What commands you shoudl know
Before getting deep into git, you shoudl be familiar with these commands
git add [--all]
git commit [-a -m]
git branch [-a -l -d -D]
git log [<sha>]
git checkout [<branch>] [<commit>]
git remote [add set-url]
git clone [<what>] [<where>]
git push [<remote> <branch>]
git reset [<what>][--hard]
git fetch [<remote>]
git pull [<remote/branch>]
git merge [<branch>]
git help [<something>]
Committing
One thing to keep in mind at all times is, that "Commits are not just saves".
Unlike save, they are non stationary in time. They allow insight into code development, reasoning behind many not so obvious design steps and allow to debug and pinpoint possible errors better than any save would. Do not use commits as saves. For saving purposes, use releases.
- Commit messages should be descriptive and clearly stated
- Each commit should be localised to a single issue or a problem
- Small commits of single files are preferable to large features
- Imports of plugins or new packages should be done in a single commit
Commit messages
Each commit should convey its purpose clearly.
Same as issues with naming presented in coding-style, messages in commit history such as "Better charts" can be contextually relevant, but are usually useless. If possible, it should be obvious what that commit does. In personal projects, this is quite common to forget and disregard, but in major collaborative projects, necessary to abide by.

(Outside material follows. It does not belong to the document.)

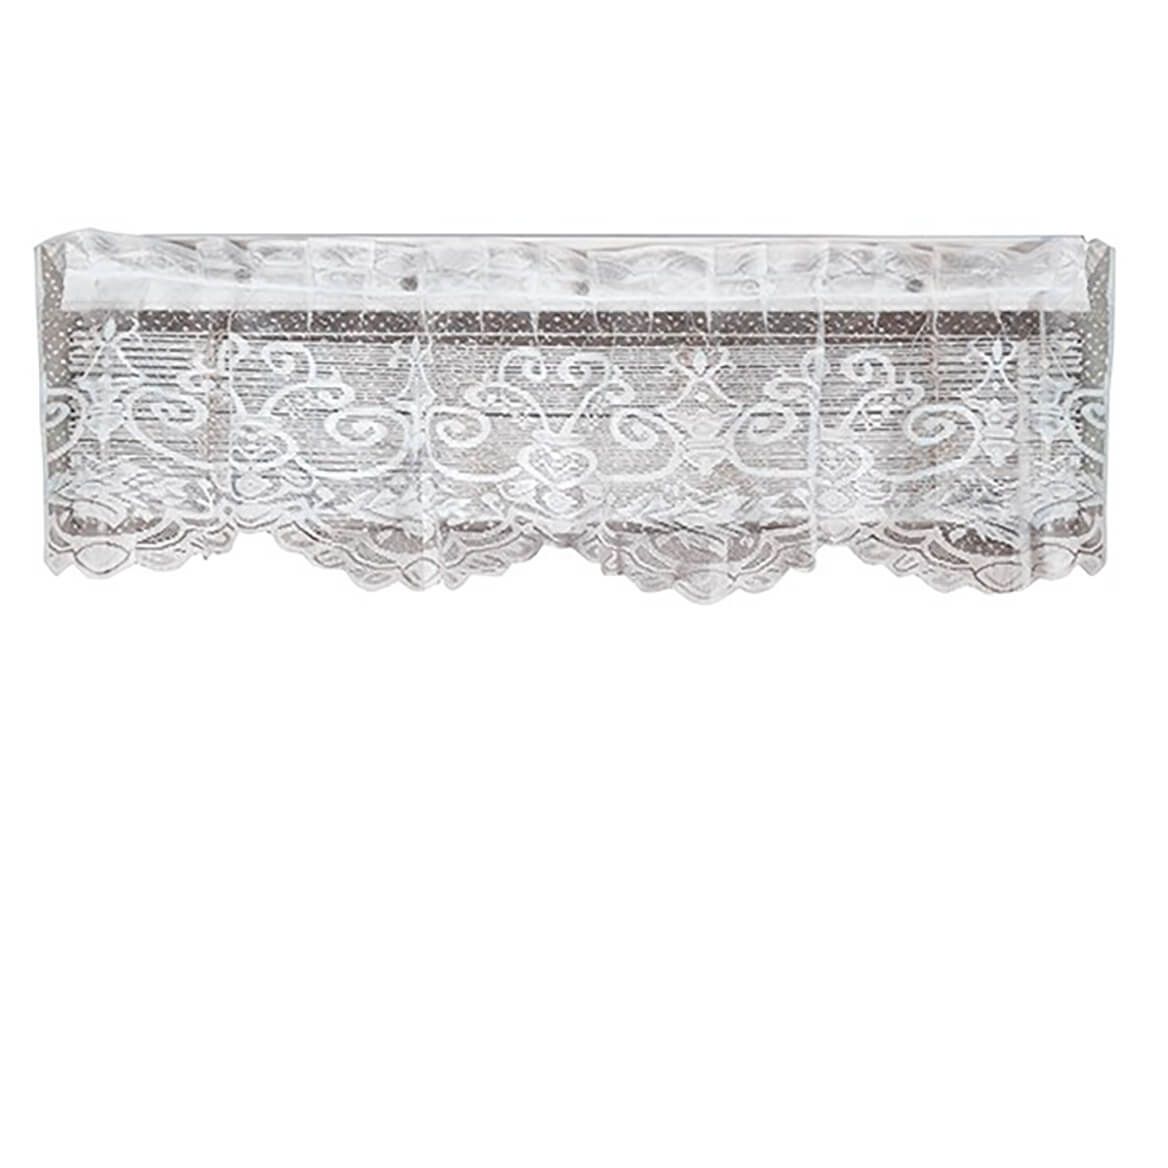 Magnetic Floral Lace Valance + '-' + 352254

I have many times sinned when doing personal projects and committed pieces of code with simply "it works" or "finally fixed?" "maybe fixed" "now fixed" or "need to go home, not time to describe what this does but its awesome" Messages. These were simply reactions to my frustrations or time pressure. It is at those times that I violated my own principles, commits are not saves.
Commit content
Each commit should be localised to a single issue or a problem.
This is often difficult to do, as we figure out why some piece of code isn't working by finding out, that many other parts of the code aren't working. Or the change we need to do requires to change much more than just a single file. In such cases, it is recommended to stash, checkout a new branch and work on this rewrite separately. As a general rule of thumb, if you follow the previous rule of commit messages well, and your message contains a word AND, you should think whether it is not better to separate into two separate commits.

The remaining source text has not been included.